Inside the Capitol, the lines drawn in the debate over the bill traced the same faults as those covered during the regular session. Sen. Lois Kolkhurst, a Republican from Brenham, insisted that the bill was intended only to "provide the privacy and safety that Texans expect" in the bathroom. Dismissing the fears of the Texas business community about the potential economic impact of the bill, which is expected to drive convention and event traffic away from the state, Kolkhurst said that the bill put the state's "daughters over dollars," a sentiment echoed by supporters of the bill after the vote.
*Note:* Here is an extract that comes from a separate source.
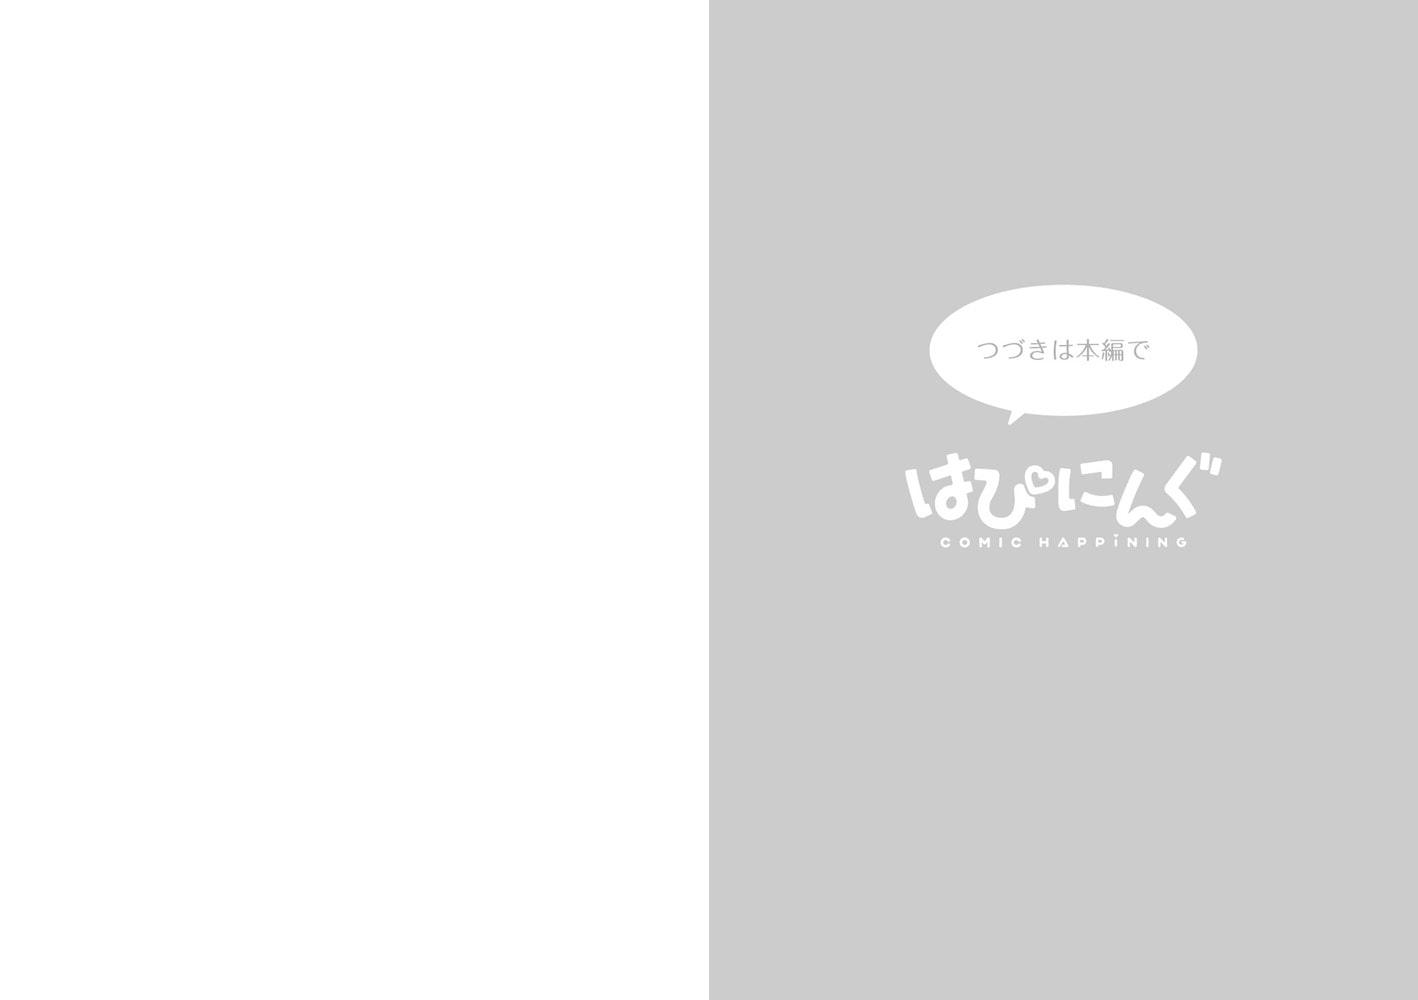 イキイキ潮ラーメンのサンプル画像

"If you support your police, listen to your police. There's no need for this legislation." – Maj. Reuben Ramirez
"Sen. Kolkhorst said it best: 'daughters over dollars.' Thanks to the hard work of Senator Kolkhorst and a bipartisan group of Senators, the Senate has given a voice to Texas women and girls," said Nicole Hudgens, a policy analyst with the conservative group Texas Values. "It’s now the Texas House’s turn to finally protect privacy and eliminate the patchwork of confusing school district and local government policies for showers, locker rooms and bathrooms."
Senate Democrats painted the bill as throwback to the Jim Crow era in Texas, when discrimination was written into the state's laws.
"The bill you filed affirmatively allows discrimination. It says you can’t protect from discrimination," said state Sen. Kirk Watson, a Democrat from Austin. Sylvia Garcia, another Democrat from Houston, asked Kolkhurst whether she believed transgender boys are boys. Kolkhurst refused to answer.
"I do know there are differences, and much of that is about science and testosterone," Kolkhorst said. "Scientifically, there's a lot to debate."
Across the state, business groups, municipal leaders and school districts have come out against the bill, which would allow Texas Attorney General Ken Paxton to sue cities or counties that pass ordinances to protect the right of transgender individuals to use the bathroom of their choice.
Tuesday's vote will trigger what's sure to be a nasty fight with the Texas House of Representatives. Those in opposition to the bill have a key ally in the speaker, Joe Straus, who refused to allow his chamber to vote on the expansive bathroom bill preferred by the Senate during the regular session.
Straus, who told the New Yorker's Lawrence Wright that he "didn't want the suicide of a single Texan on his hands," in reference to the bill earlier this year, has shown no signs of being more receptive to bathroom legislation during the special session. On Tuesday, during the Senate debate, he took to Twitter to imply that bill the on which the Senate was so focused is unnecessary.
"I'm grateful, he said, "that the House passed the sunset bill and committees are working on a number of other important issues today."
If the bill receives the necessary final procedural approval from the Senate on Wednesday as expected, the proverbial ball will be in Straus' court. He'll have 22 days of special session left to get past if he intends to run out the clock.